One of my favorite plotlines is Junie’s infatuation with English literature and white authors. Junie praises the work of Keats, Thoreau, Wordsworth, and even the Brontës. You can argue that Junie’s fascination with their work is because she doesn’t have access to much else, but I was particularly stunned by Junie’s love of the Sublime. The Sublime is a literary and philosophical concept, explored by many but especially by the poets Wordsworth and Keats, that describes a feeling of awe or wonder typically in response to nature. It’s considered a revolutionary shift in human thought during the 18th and 19th centuries. I will never forget having to study it in high school and undergrad, but we must consider which humans this movement affected.
In a charming scene between Junie and Caleb, Junie tries to explain the Sublime to Caleb and how she desperately wants to find it. Rather than agree with her, Caleb challenges Junie’s desire and argues that she deserves more. Caleb asks, “What happens after you see it? You supposed to just go back to your old life, sneaking around and cleaning up after white folks?” (148). Without hesitation, Caleb questions why Junie has subjected herself to a white man’s definition of the divine.
Without spoiling too much, Junie’s awakening does come. In the novel’s final pages, Junie finally questions how she can live up to the words of Wordsworth and Keats when their lives looked nothing like hers. She says,
“Those who sought the sublime were white men with lives of leisure. They sought an unattainable beauty because they’d already attained everything else” (328)
In this scene, Eckstine underscores the undeniable gap between white authorship and black readership.

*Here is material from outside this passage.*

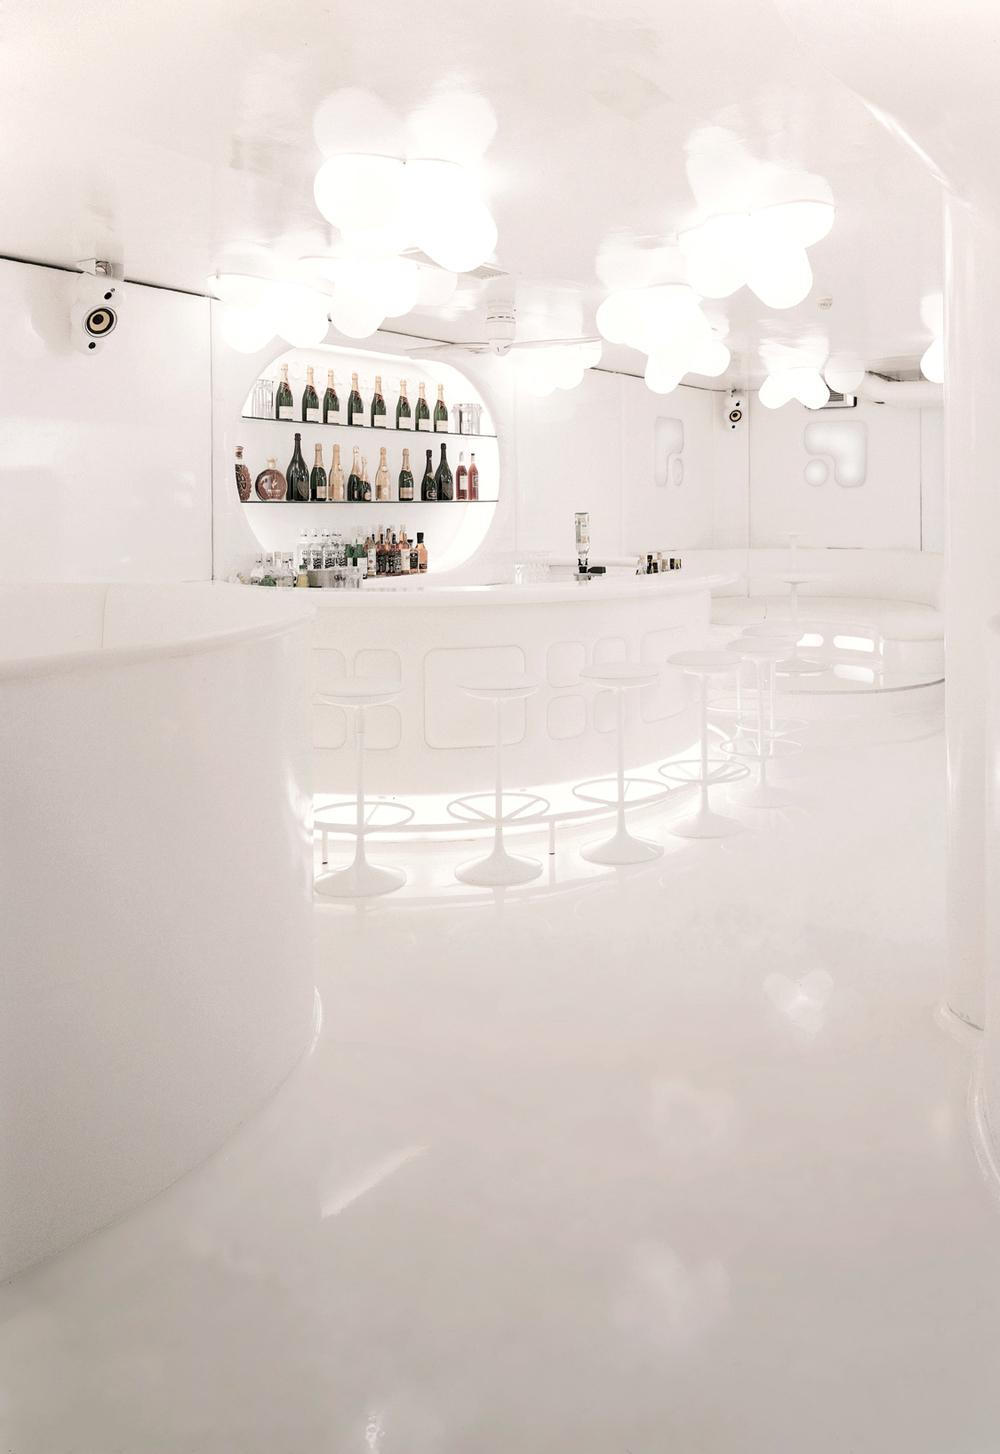 Futuristic white bar stools of NASA Nightclub illuminated by white lights

Junie’s realization that she has to write her own story and define her own Sublime coincides with Eckstine as an author reimagining her family’s history. Eckstine has said that Junie was based on her great-great-great-grandmother Jane Cotton. Rather than leave Jane Cotton’s story unwritten, Eckstine imagined what it might have been like. As Hartman argues, we cannot let slave masters speak for the enslaved; their testaments are biased, limited, and harmful. Although we cannot go back in time to record first-person testimonies from the enslaved, we can use what is available to imagine what might have happened or been said. In the words of Junie’s Grandaddy:
“Nothing about this life is fair, Baby. There ain’t hardly nothing we got control over. But one thing they can’t take from you is your words” (319)
I’m going to end with a quote from my dissertation: “freedom, justice, and closure can be found in creative expressions unbound to the limits of nonfiction and historical accuracy” (Smith 39). Junie is a form of those “creative expressions,” and its tangibility is essential to contemporary teachings and understandings of history.